* SUPPLIED DATA *

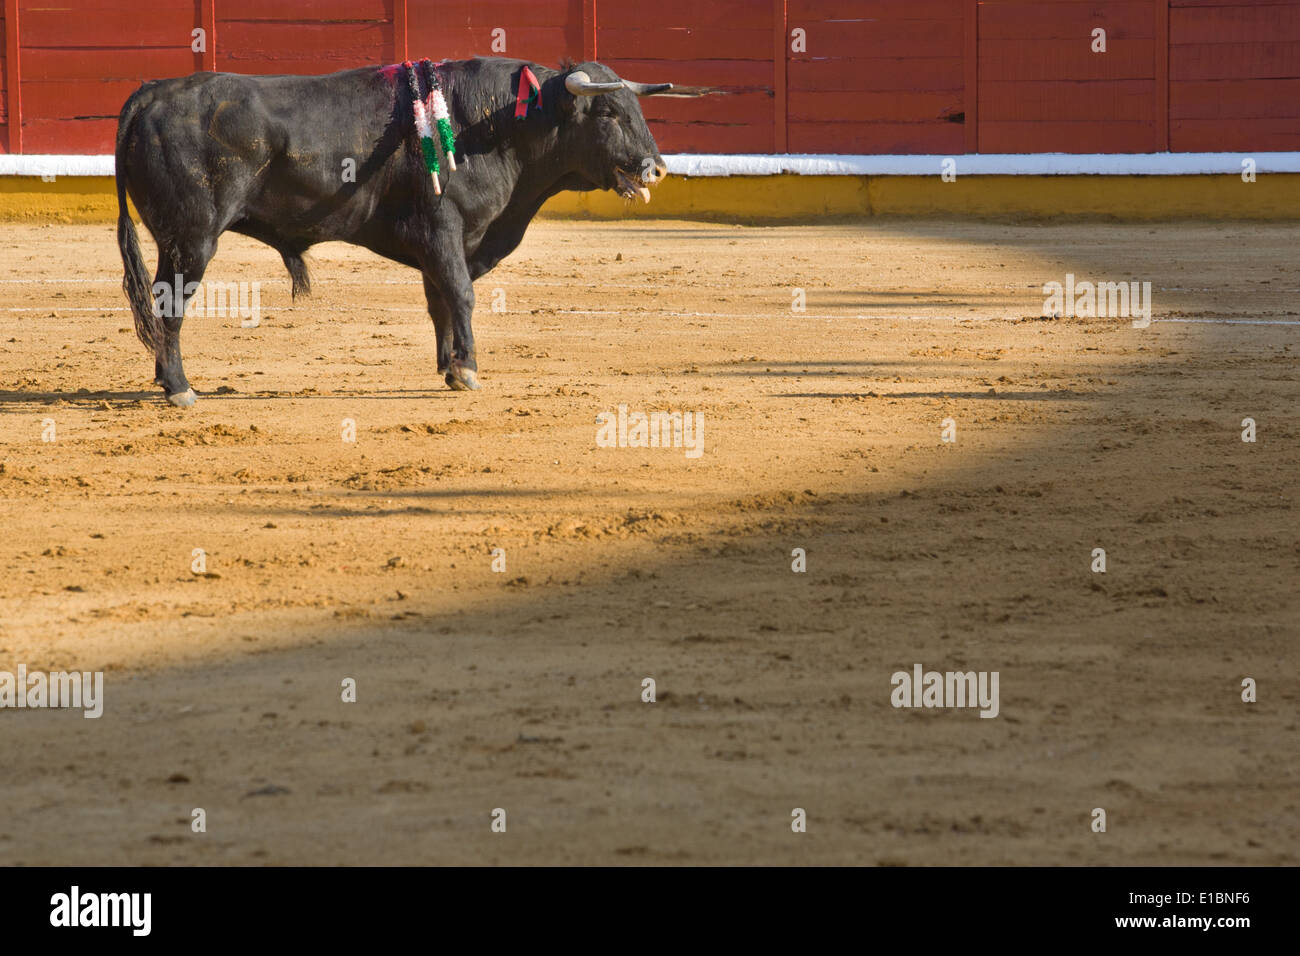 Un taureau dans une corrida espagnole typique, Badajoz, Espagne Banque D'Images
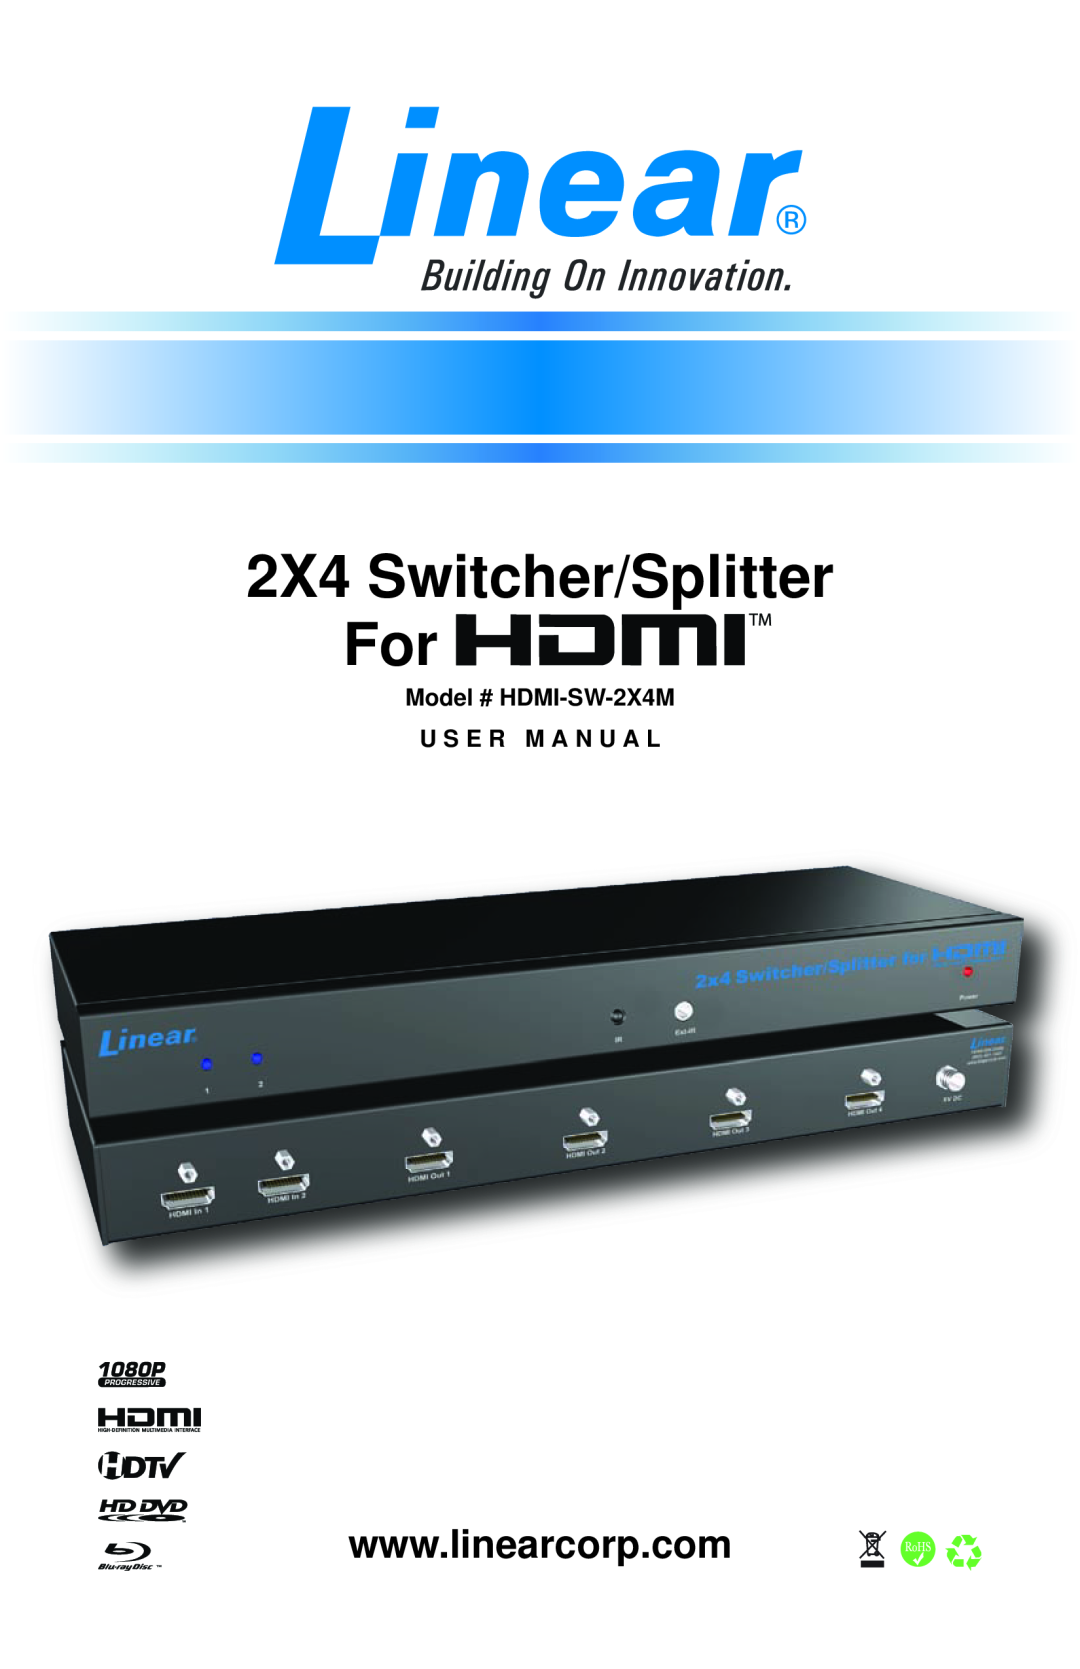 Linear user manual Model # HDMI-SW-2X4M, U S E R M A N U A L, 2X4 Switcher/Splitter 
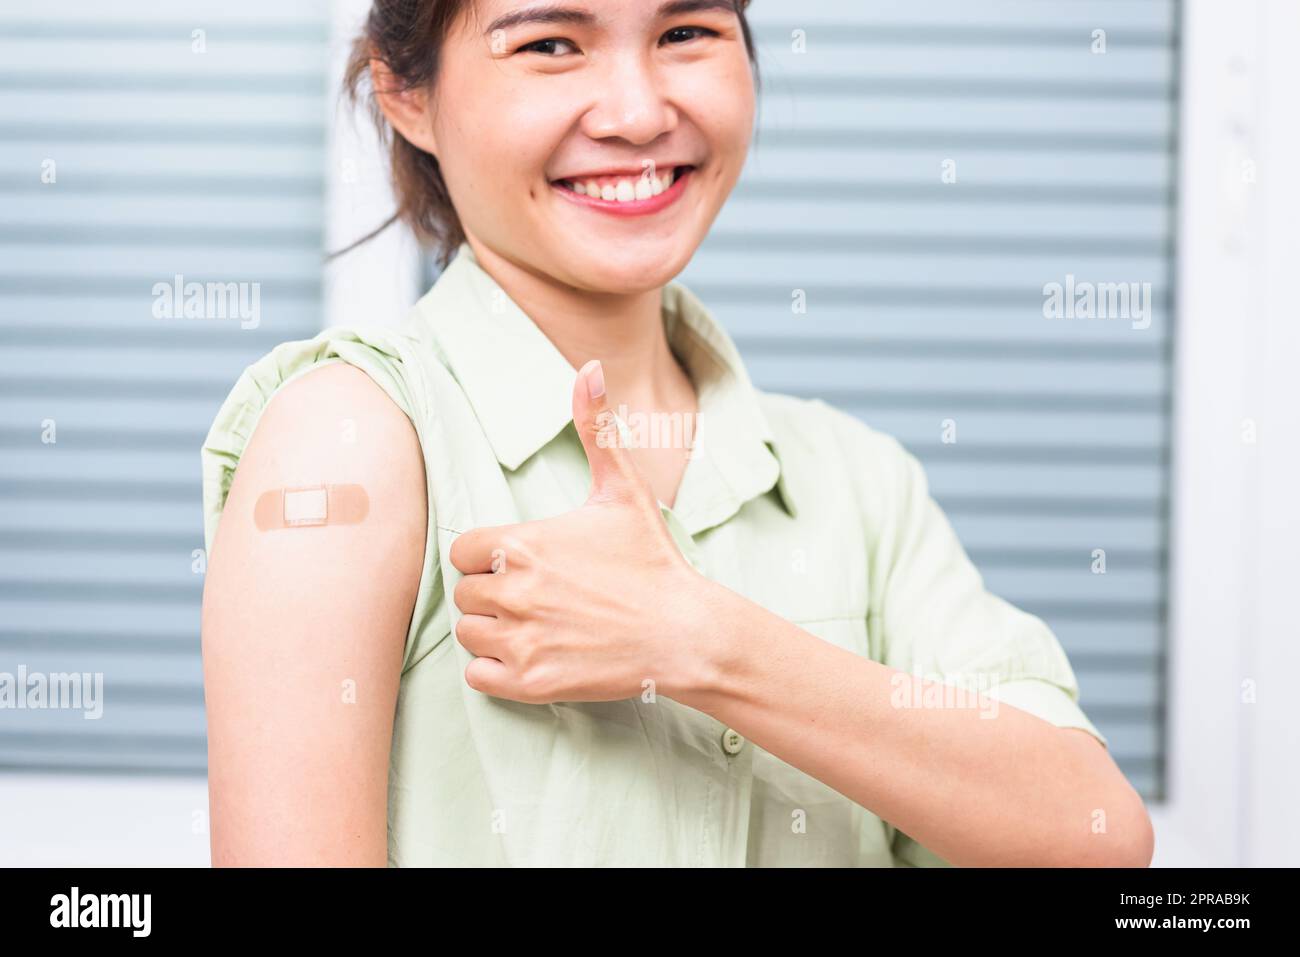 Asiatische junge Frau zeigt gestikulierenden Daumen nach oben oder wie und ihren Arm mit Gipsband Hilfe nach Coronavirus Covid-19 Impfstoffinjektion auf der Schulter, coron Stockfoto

* YOUR TASK *
Everything above except the pictures needs to be reproduced exactly.

* SOLVED EXERCISE *
 Un taureau dans une corrida espagnole typique, Badajoz, Espagne Banque D'Images
 Linear user manual Model # HDMI-SW-2X4M, U S E R M A N U A L, 2X4 Switcher/Splitter 
 Asiatische junge Frau zeigt gestikulierenden Daumen nach oben oder wie und ihren Arm mit Gipsband Hilfe nach Coronavirus Covid-19 Impfstoffinjektion auf der Schulter, coron Stockfoto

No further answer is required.